Thirdly, we did not find a significant correlation between the anterior chamber cells and SFCT / iris thickness, unlike previous reports [32]. Therefore, we suggest close follow-up with these patients to detect any correlation between different stages of inflammation on the anterior chamber and the choroidal thickness. This has been described in other autoimmune uveitis, mainly Behcet [8], and Vogt-Koyanagi-Harada disease [33], in which it has been proposed that choroidal thickening could be due to increased blood flow secondary to active inflammation; this is contrasted with a thinner choroid in the presence of chronic and long-lasting inflammation that modifies choroidal perfusion, leading to atrophy of choroidal tissue and fibrosis. In addition, FUS is a peculiar form of uveitis, since inflammation is asymptomatic for the patient, the presence and severity of the inflammation vary in each appointment, and a small benefit is obtained from topical corticosteroid therapy to treat anterior chamber inflammation, making it a challenge to study prospectively [34].

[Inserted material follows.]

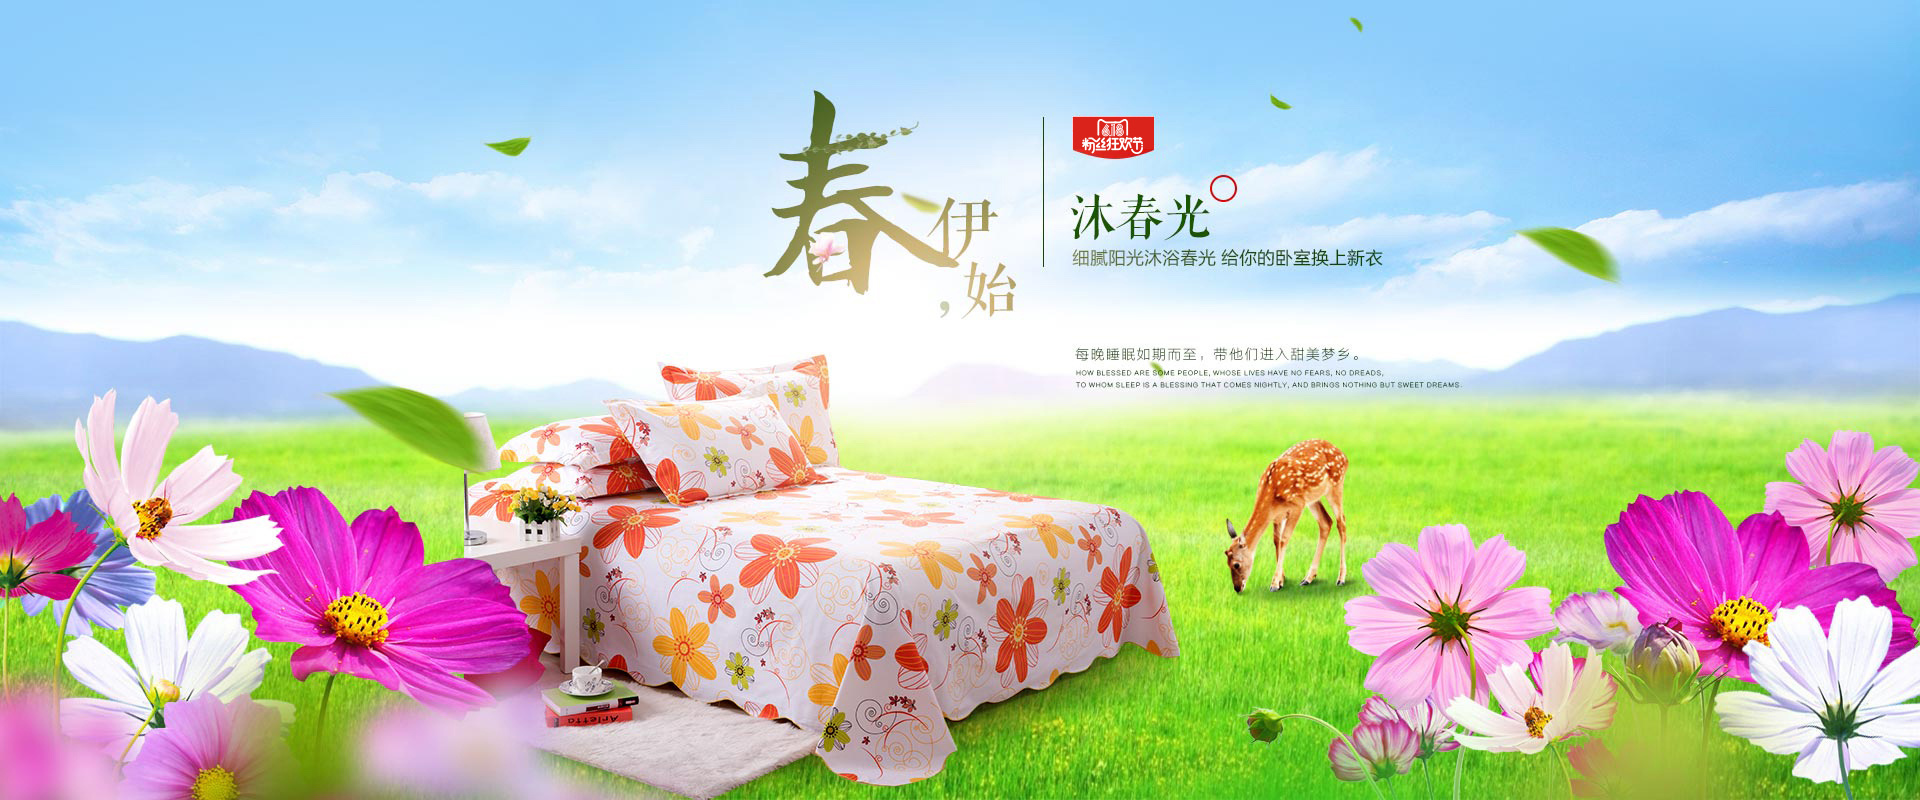 海报2p 淘宝 天猫旗舰店 家纺床上用品 床单单品 夏天夏凉活动海报

Fourthly, cataract surgery did not alter or complicate the signs of FUS in our patients, in agreement with other authors; [35, 36] nor did it have a significant association with SCFT; it could be associated only with the inflammatory process [25]. Our patients had a median of 19 months from surgery to imaging studies, which, as seen by Zeng et al., does not influence SCFT [37]. Finally, concerning ocular hypertension, although we did not have any patients with glaucoma, it has been reported that open-angle glaucoma has no significant difference in SFCT when compared to control [38].

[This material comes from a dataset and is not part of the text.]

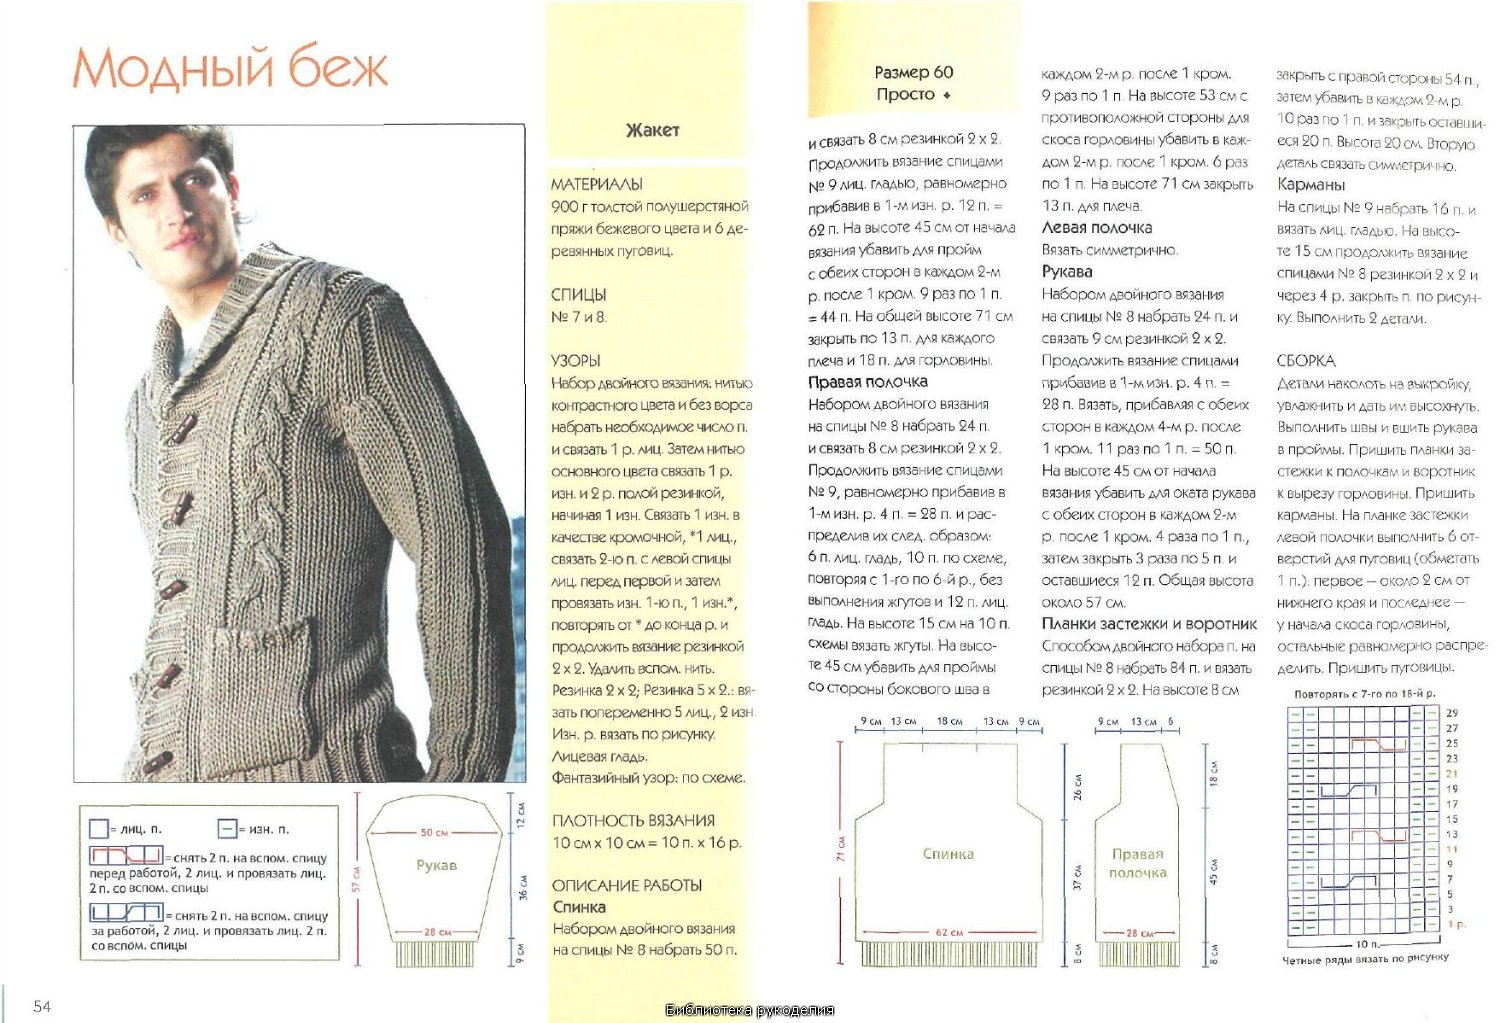 Вязание спицами для мужчин 2016: схемы модного мужского жакета и жаккарда

Limitations of our study include a small sample size and that we conducted a cross-sectional study, resulting in a low correlation between iris and choroid thinning in FUS eyes. However, the use of paired samples of healthy versus FUS eyes in each patient increases the power to control for interindividual variance, which, as mentioned, can vary widely. Another limitation was that we did not use miotic eye drops and we only had controlled light conditions in all patients at the moment iris thickness measurements were taken. If the results shown here can be replicated in more diverse, larger samples and a longitudinal study, a strong case can be made for searching for an inflammatory response triggered by a variety of causes. One cannot rule out the influence of embryonic development (explained because the iris and retinal pigment epithelium share the same embryonic origin) [39] and the influence of irrigation, coming together to form a synergistic syndrome.

Conclusions

This is the first study that simultaneously evaluates iris and choroid thickness in patients with FUS and found reduced iris area and subfoveal choroidal thickness in eyes with FUS compared to the normal fellow eye. With these changes, we propose that the underlying pathophysiological causes of iris and SFCT thinning in FUS are coexisting, which may have implications for biomarkers of FUS, as well as questions about FUS pathogenesis.